Aesthetic image cropping aims to enhance the aesthetic quality of an image by improving its composition through spatial cropping. Previous methods often rely on saliency prediction or retrieval augmentation, ignoring the task's core requirement: a deep understanding of composition and aesthetics. Consequently, saliency-based methods struggle to make compositional trade-offs in complex scenes, while retrieval-based methods blindly refer to similar cases, lacking adaptive reasoning for unique scenes. Both approaches fail to align their automated cropping results with those of human experts. To address the above issues, we propose a novel paradigm that reformulates aesthetic cropping as a multimodal reasoning task, aiming to activate the VLM's analytical and comprehension capabilities in aesthetics. We design a Compositional Reasoning and Optimizing Preference method (CROP) that directs the VLM to think like a professional photographer. It deconstructs a complex and subjective aesthetic problem into an "analysis-proposal-decision" process, reasoning step by step through the analysis of scene elements and compositional principles. Meanwhile, our expert preference alignment module makes the model's decision consistent with human expert aesthetics. Extensive experiments across multiple datasets validate our method's superiority and component effectiveness.

Editorial analysis

A structured set of objections, weighed in public.

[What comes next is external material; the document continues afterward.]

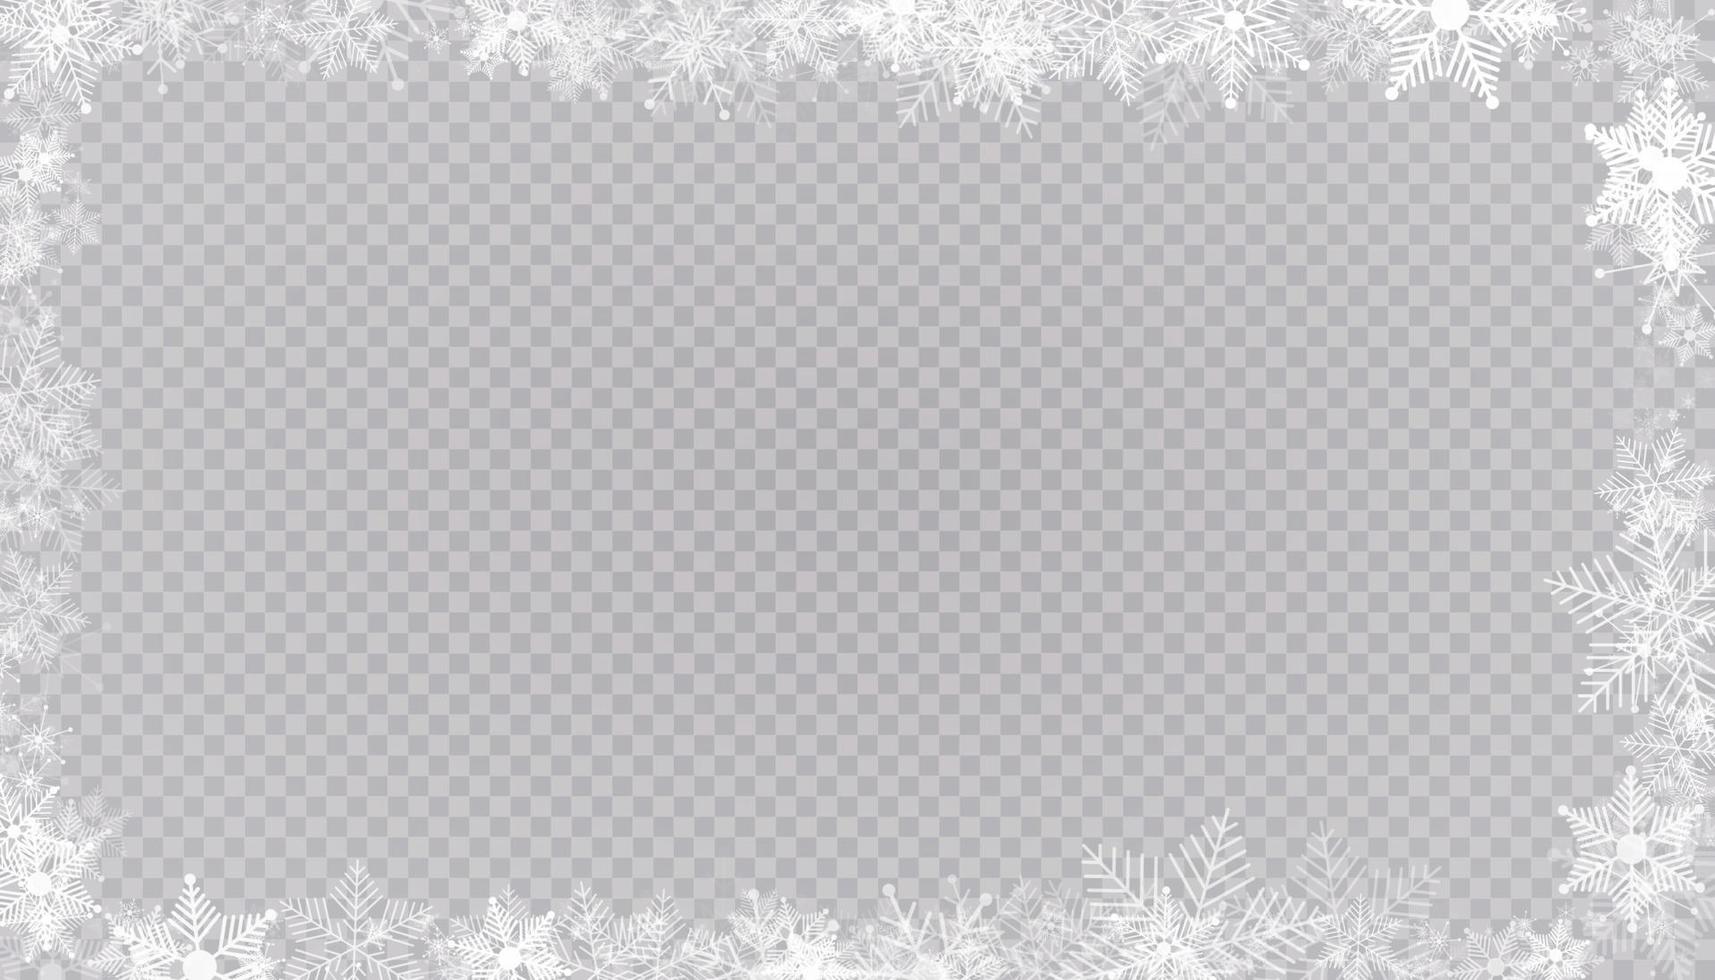 borde de marco rectangular de nieve de invierno con fondo de estrellas, destellos y copos de nieve. banner navideño festivo, tarjeta de felicitación de año nuevo, postal o invitación ilustración vectorial vector
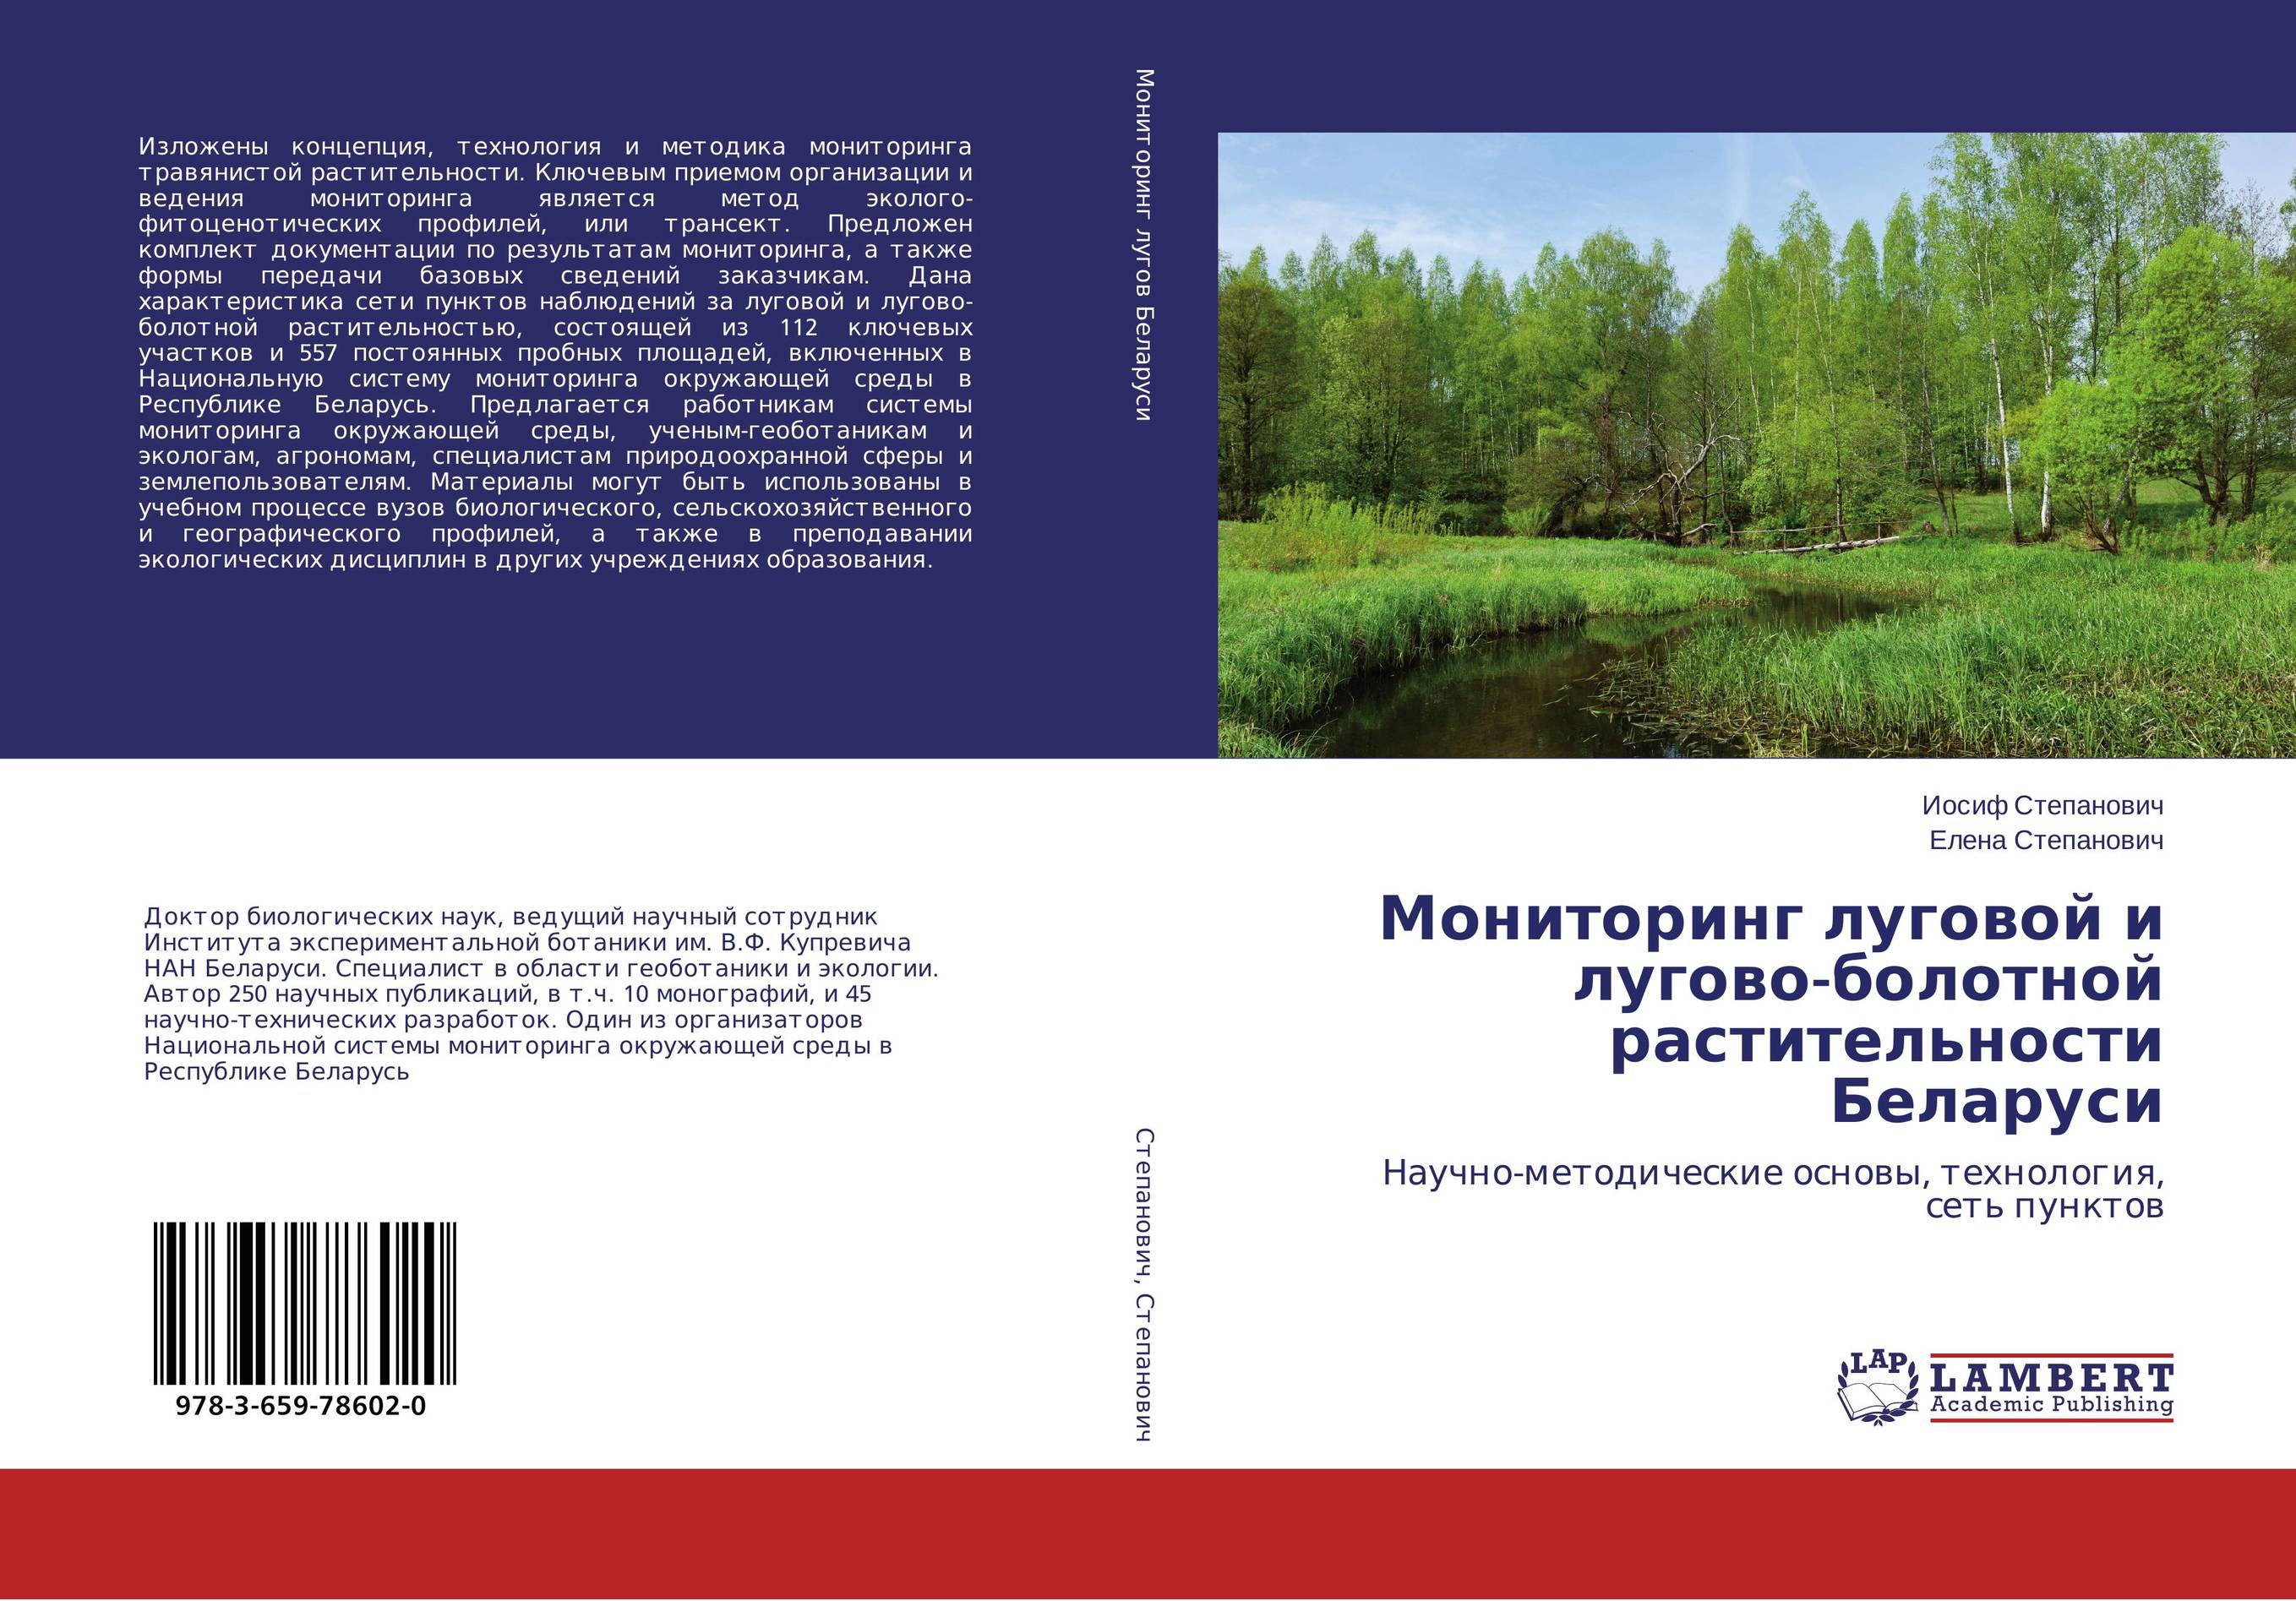 
        Мониторинг луговой и лугово-болотной растительности Беларуси. Научно-методические основы, технология, сеть пунктов.

Desk editor's note, referee report, simulated authors' rebuttal, and a circularity audit. Tearing a paper down is the easy half of reading it; the pith above is the substance, this is the friction.

Desk Editor's Note private letter to a colleague

The paper reframes cropping as VLM reasoning with an analysis-proposal-decision loop plus expert alignment, but leaves the alignment mechanism too vague to judge the gains.

read the letter

The main thing here is a shift from saliency maps or image retrieval to a structured reasoning process inside a vision-language model. The authors break aesthetic cropping into analysis of scene elements and composition rules, followed by proposal and decision steps, then add a module meant to keep outputs consistent with expert photographers. This directly targets the compositional trade-offs that saliency methods miss and the lack of adaptability in retrieval approaches. That framing is new relative to the baselines they cite and gives the work a clear conceptual hook. If the alignment step actually works, it could produce more adaptive results on complex scenes than prior automated tools. The paper does a solid job laying out those prior limitations in plain terms. The soft spot is the alignment module itself. The abstract and stress-test note give no formulation for how expert preferences are collected, no training objective, and no indication whether this is prompt tuning, supervised fine-tuning, or a preference loss. Without that, the claim that the model will reliably behave like an expert reduces to an assertion rather than a demonstrated mechanism. Experiments are said to validate superiority, but no numbers, datasets, or error breakdowns appear in the provided summary, so the performance edge cannot be checked yet. This is aimed at researchers building VLM tools for photo editing or creative vision tasks. A reader already working on multimodal reasoning would get value from the paradigm even if the implementation details need tightening. It deserves peer review so referees can examine the full experiments and the exact alignment procedure to see whether the central claim holds.

Referee Report

2 major / 1 minor

Summary. The manuscript proposes CROP, a Compositional Reasoning and Optimizing Preference method for aesthetic image cropping. It reformulates the task as a multimodal reasoning problem in which a VLM is directed through an explicit 'analysis-proposal-decision' pipeline that decomposes scene elements and compositional principles, augmented by an expert preference alignment module intended to enforce consistency with human expert aesthetics. The central claim is that this approach outperforms saliency-based and retrieval-based baselines by enabling adaptive, expert-aligned cropping decisions.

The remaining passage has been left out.